В значительной степени успешными следует признать усилия ученых, работающих в области гендерной лингвистики на Западе (Д. Камерон, С. Миллз, Дж. Сандерланд, М. Талбот и многих других), направленные, в том числе, на элиминирование гендерной асимметричности у конституентов различных классов слов. В частности, речь может идти об именах существительных. В настоящее время у многих изначально гендерно специфичных слов существуют вполне полноправные, активно используемые в языке (нередко более активно, чем слова, которые они заменили), гендерно-нейтральные субституты: craft worker, angler, police officer, firefighter, refuse collector, postie и т.д. Последнее из упомянутых слов является, пожалуй, исключением в этом ряду: введенное по предложению королевского почтового ведомства Великобритании в качестве альтернативы слову postman, оно не прижилось, так как, по мнению носителей языка, воспринимается как звучащее слишком неформально для официального названия профессии. Вместе с тем, переоценивать достигнутые успехи было бы неправильным. Так, например, гендерная специфичность – а не инклюзивность – слова man хорошо видна на примере многочисленных устойчивых выражений с этим словом: to be man enough, to be one’s own man, to be the right man for the job и т.д. Изменить эти сочетания на гендерно-нейтральные, заменив, например, слово man на слово person довольно трудно, так как словосочетания ‘to be person enough’, ‘to be one’s own person’ не имеют тех же оттенков значения, что и выражения, которые они призваны заменить. В английском языке существует множество других устойчивых выражений со словом man, которые трудно заменить на гендерно-нейтральные в силу фиксированного характера компонентов таких выражений. Таковы, например, выражения ‘men in white coats’ (ученые) или ‘man in the street’ (обычный человек). Представляются невозможными – за исключением намеренного, как правило, ироничного употребления – такие замены, как ‘women in white coats’ или ‘woman in the street’. В языке существует также глагольная форма to man, например, he manned the spaceship. (Следует отметить отсутствие параллельной глагольной формы to woman. Например, предложение аn all woman-crew womanned the ship звучало бы несколько странно).
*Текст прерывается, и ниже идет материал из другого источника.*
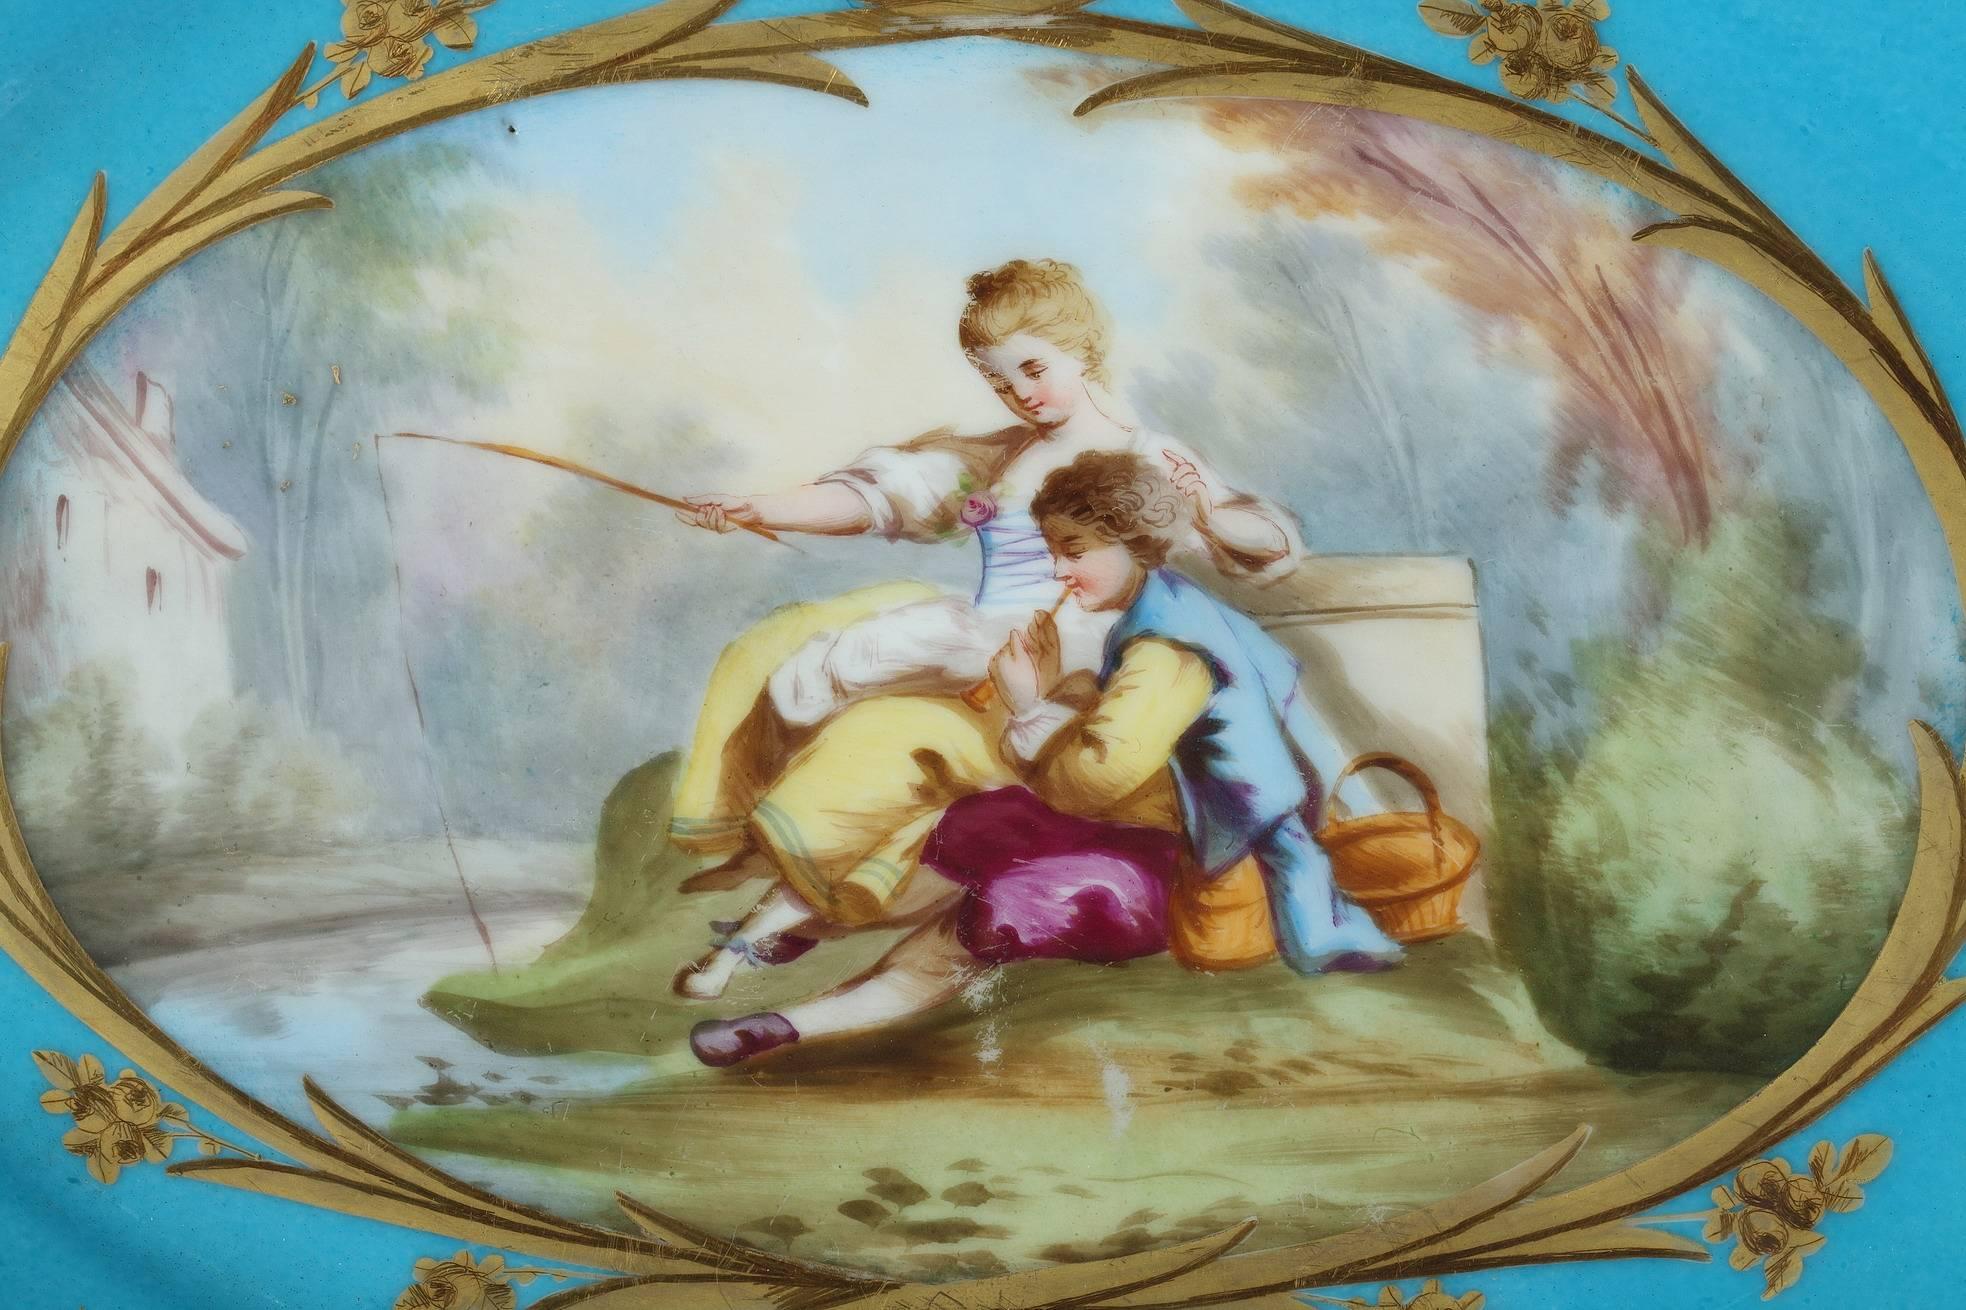 Tasse ovale en porcelaine bleue à décor polychrome composé d'un grand cartouche à bordures dorées représentant un homme et une jeune femme dans un paysage, assis sur l'herbe près d'un lac. La femme est en train de pêcher pendant que son amant joue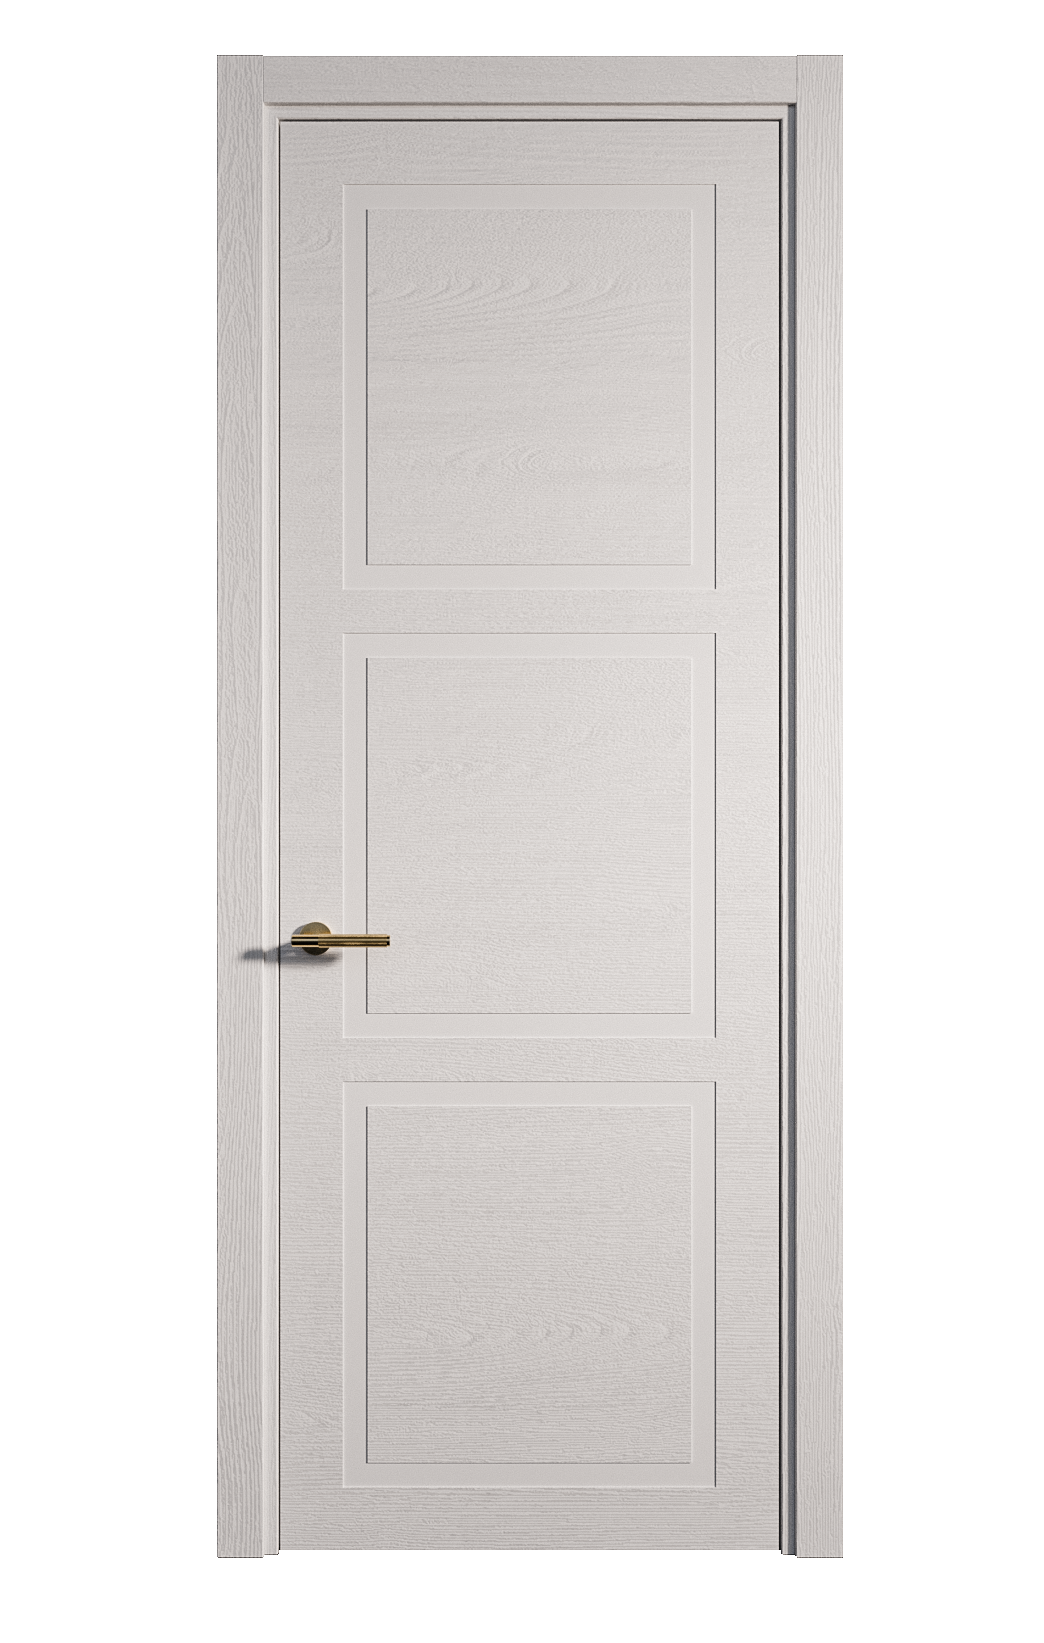 Межкомнатная дверь Бостон-3 глухая эмаль ral 9003 24484

Исследования в области грамматики касались самых различных аспектов отражения гендера в этой лингвистической дисциплине. Ученые фокусировали свое внимание как на более глобальных вопросах, связанных, например, с изучением схожих черт и различий в языках с грамматической и "естественной" категорией рода, так и на более частных проблемах (например, огромное количество публикаций посвящено вопросу использования так называемого разделительного вопроса женщинами и мужчинами).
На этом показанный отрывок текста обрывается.